About 1 600 people in Chitungwiza that were relying on a soup kitchen run by a good Samaritan from her home were yesterday left stranded after council closed it down.
Council closed down Ms Samantha Muzokori’s kitchen in Unit A, Chitungwiza because it was not registered with it and the Department of Social Welfare.
The kitchen which relied on volunteers was offering porridge to kids from as early as 5am and supper for all age groups.
Only those wearing face masks were being served at the kitchen, while compulsory sanitisation and social distancing was enforced by dedicated volunteers.
The people were served at different intervals of 30 minutes per group to avoid crowding.
Donors were also assisting with various items including food stuffs, daily water deliveries, funds, sanitisers and face masks.
Acting Chitungwiza town clerk, Dr Tonderai Kasu yesterday issued a statement on the closure of the kitchen.
“Reference is made to the public outcry following the issuance by the municipality of a notice to Ms Samantha Muzokori of stand number 20926 Unit A Chitungwiza who has been operating a kitchen outlet serving vulnerable members of the community,” read the statement.
“We would like to thank Ms Muzoroki for the love and care that she has displayed for the affected members when the nation is currently under lockdown.

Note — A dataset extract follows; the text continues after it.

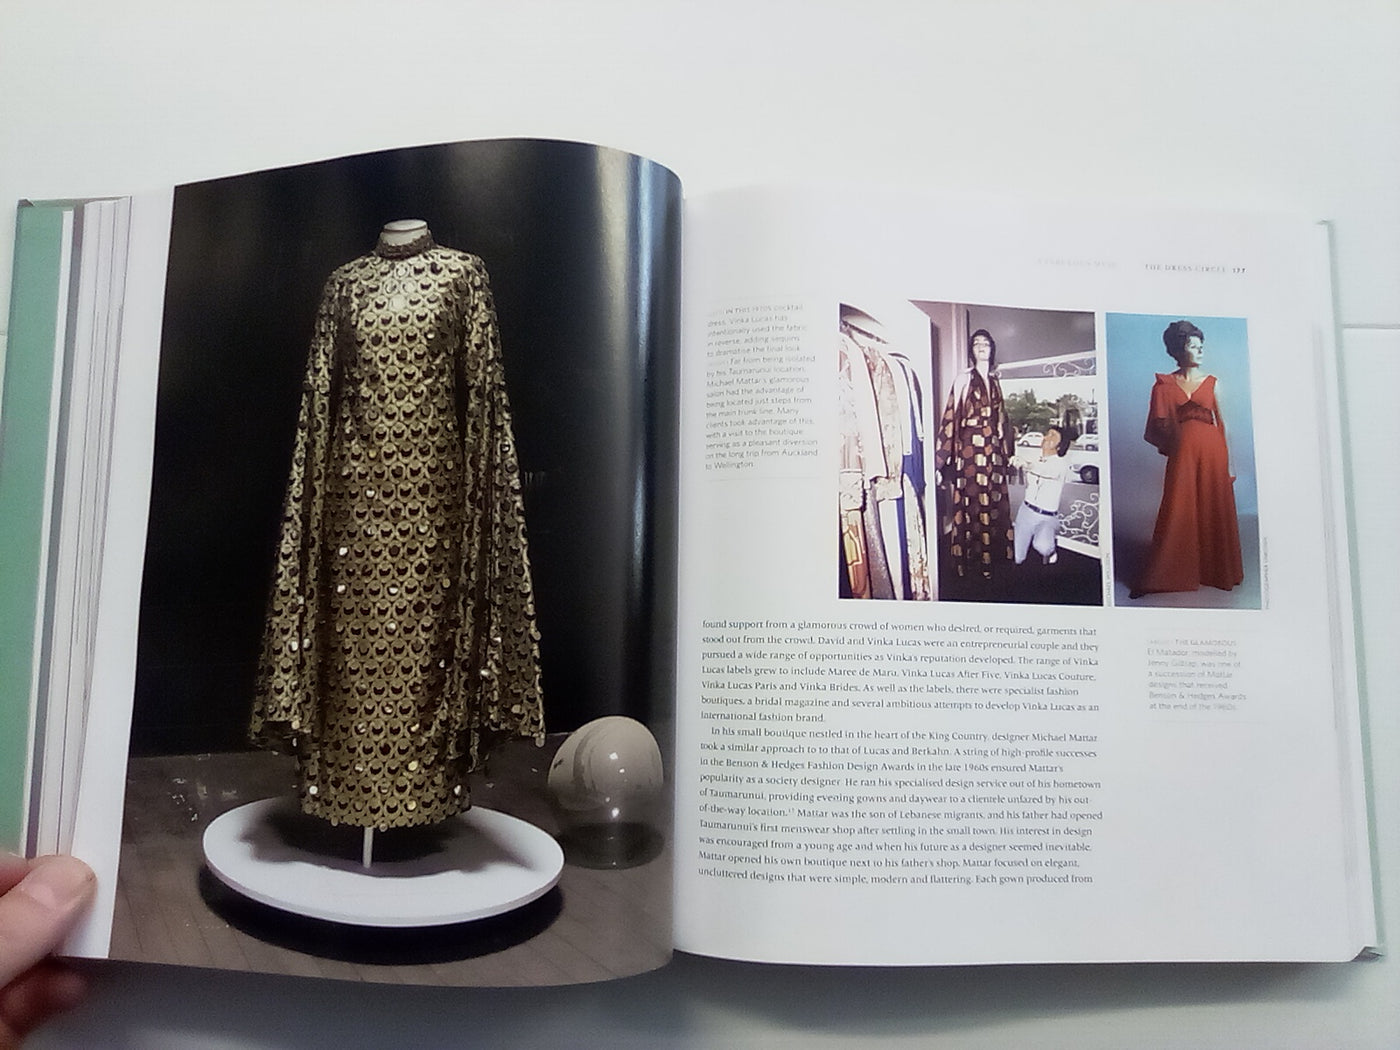 The Dress Circle - New Zealand Fashion Design Since 1940

However, the order for Ms Muzoroki to cease operations was made on the basis of some genuine and legitimate concerns with respect to public health and public safety.”

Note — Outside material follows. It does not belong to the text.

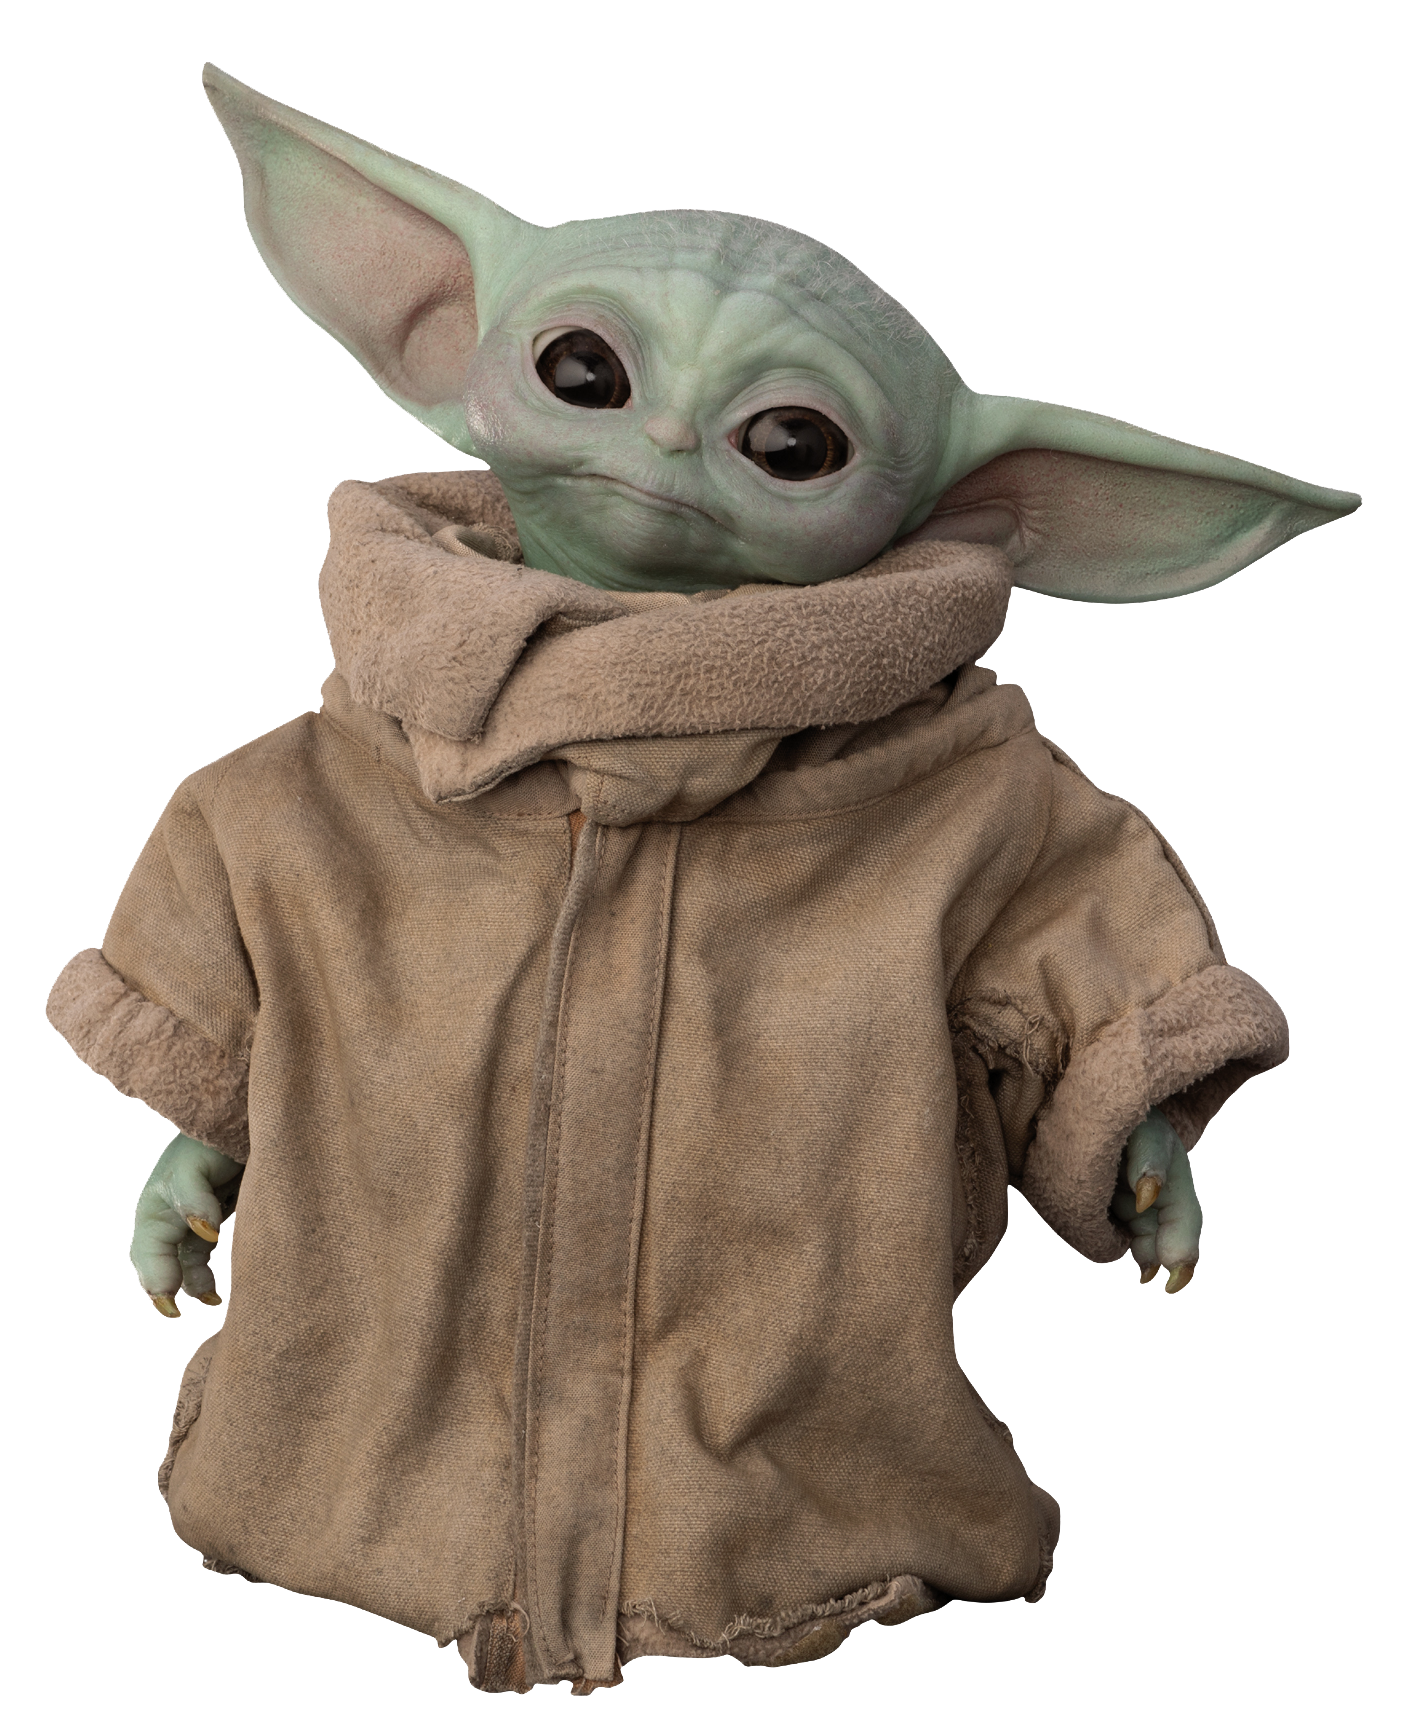 Comment Baby Yoda a sauvé «Star Wars»

He said the operations were in contravention of the Public Health Act of Zimbabwe.
He urged people who wanted to engage in charity activities during this period to approach council for proper guidance.

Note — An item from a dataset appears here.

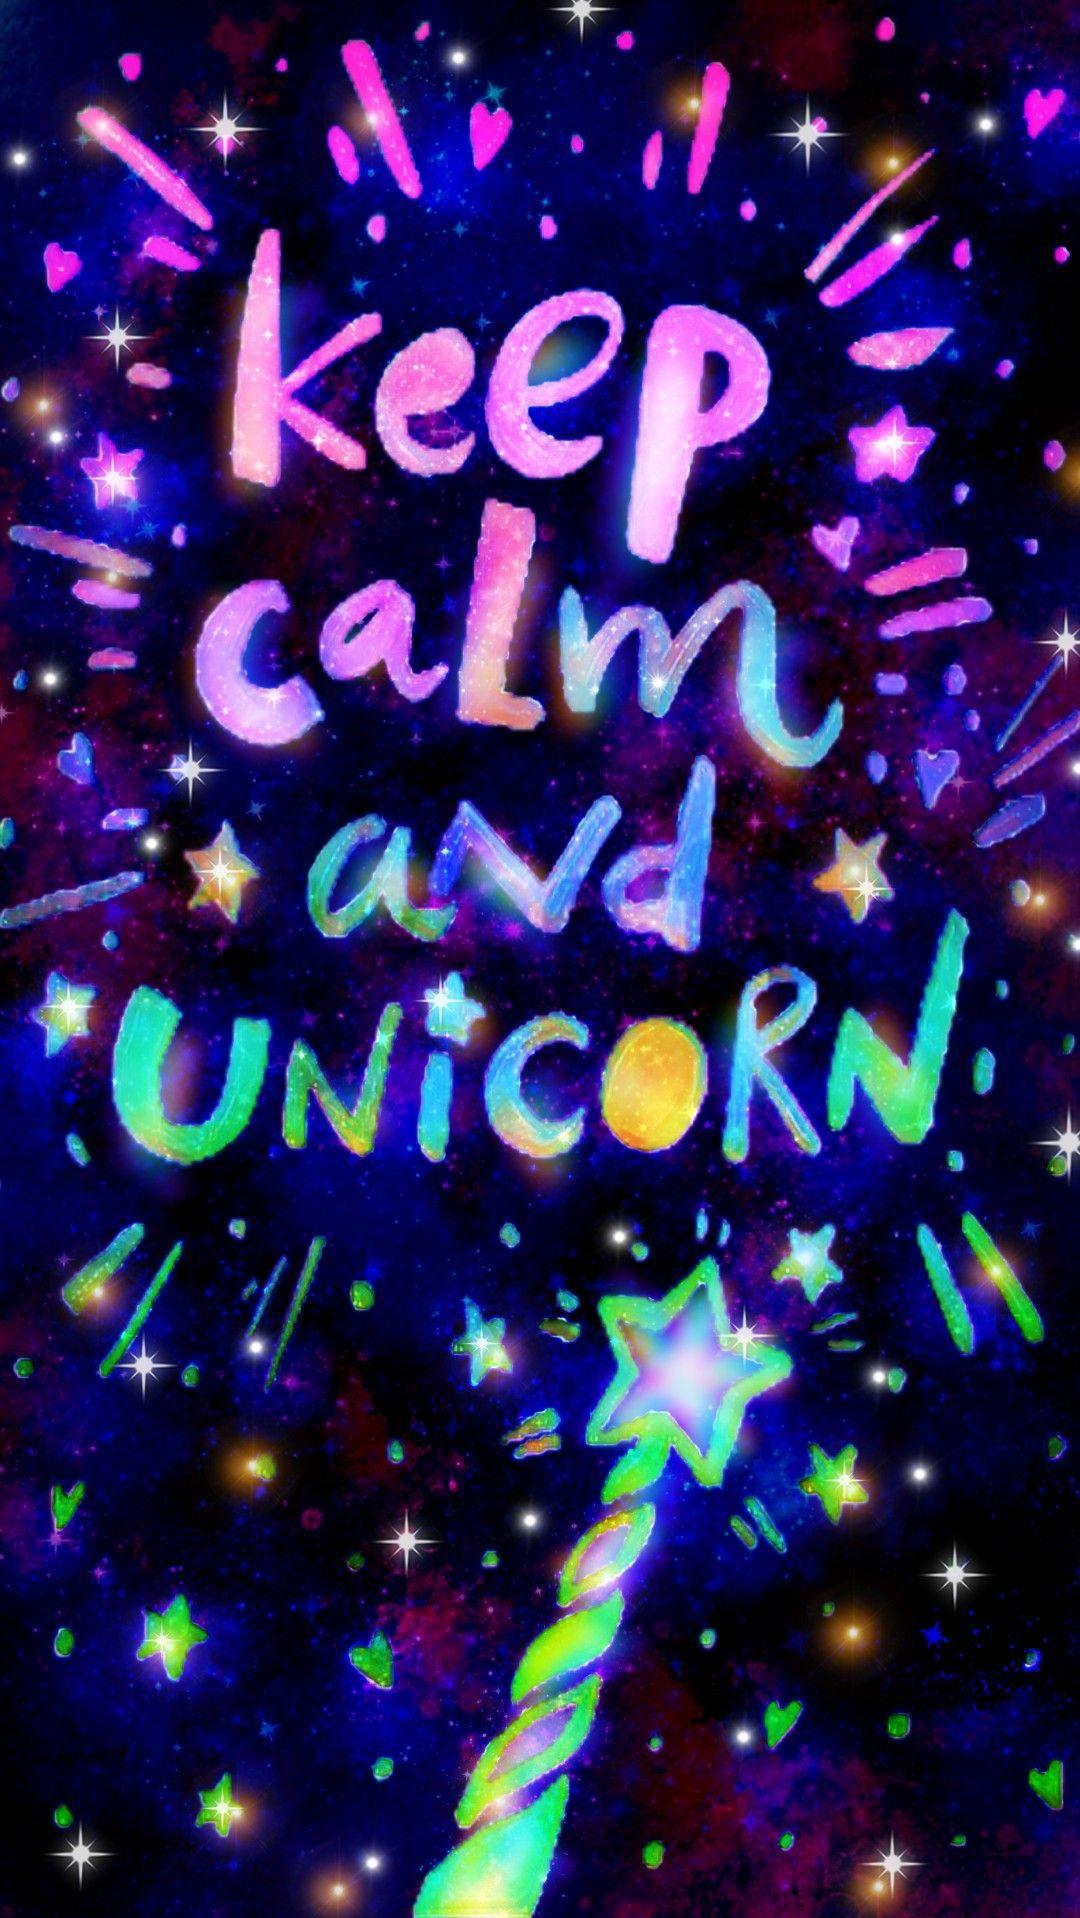 Keep Calm Unicorn Galaxy, made by me #unicorn #fantasy #rainbow

Ms Muzoroki said she started the soup kitchen with only 24 people from her neighbourhood after she noted the difficulties that some people were facing during the lockdown.
“I started the initiative after realisation that most people in the area are in the informal sector and were failing to have at least a meal per day.
“It has been 35 days since we started and the number of people have been growing by the day as of Wednesday we had a record 1 600 people that came for supper. To avoid crowding we had a database with addresses and numbers of family members per each household so each family sent a representative to collect their food.”
Ms Muzokori’s partner, Mr Masimba Marangwanda said they were in agreement with Chitungwiza that by-laws should be followed and they have started the regularisation process.
“However, our request is that can we be allowed to temporarily operate while processing our papers because in this morning we had to take a difficult decision to turn away children who had come for porridge.
“If possible they can send a health worker to supervise us,” he said.
Chitungwiza Residents Trust director Ms Alice Kuveya said the kitchen must be allowed to operate while regularisation is taking place.
“We are actually surprised, that Samantha has been giving residents food from her house for over a month and council is only raising concerns now,” she said.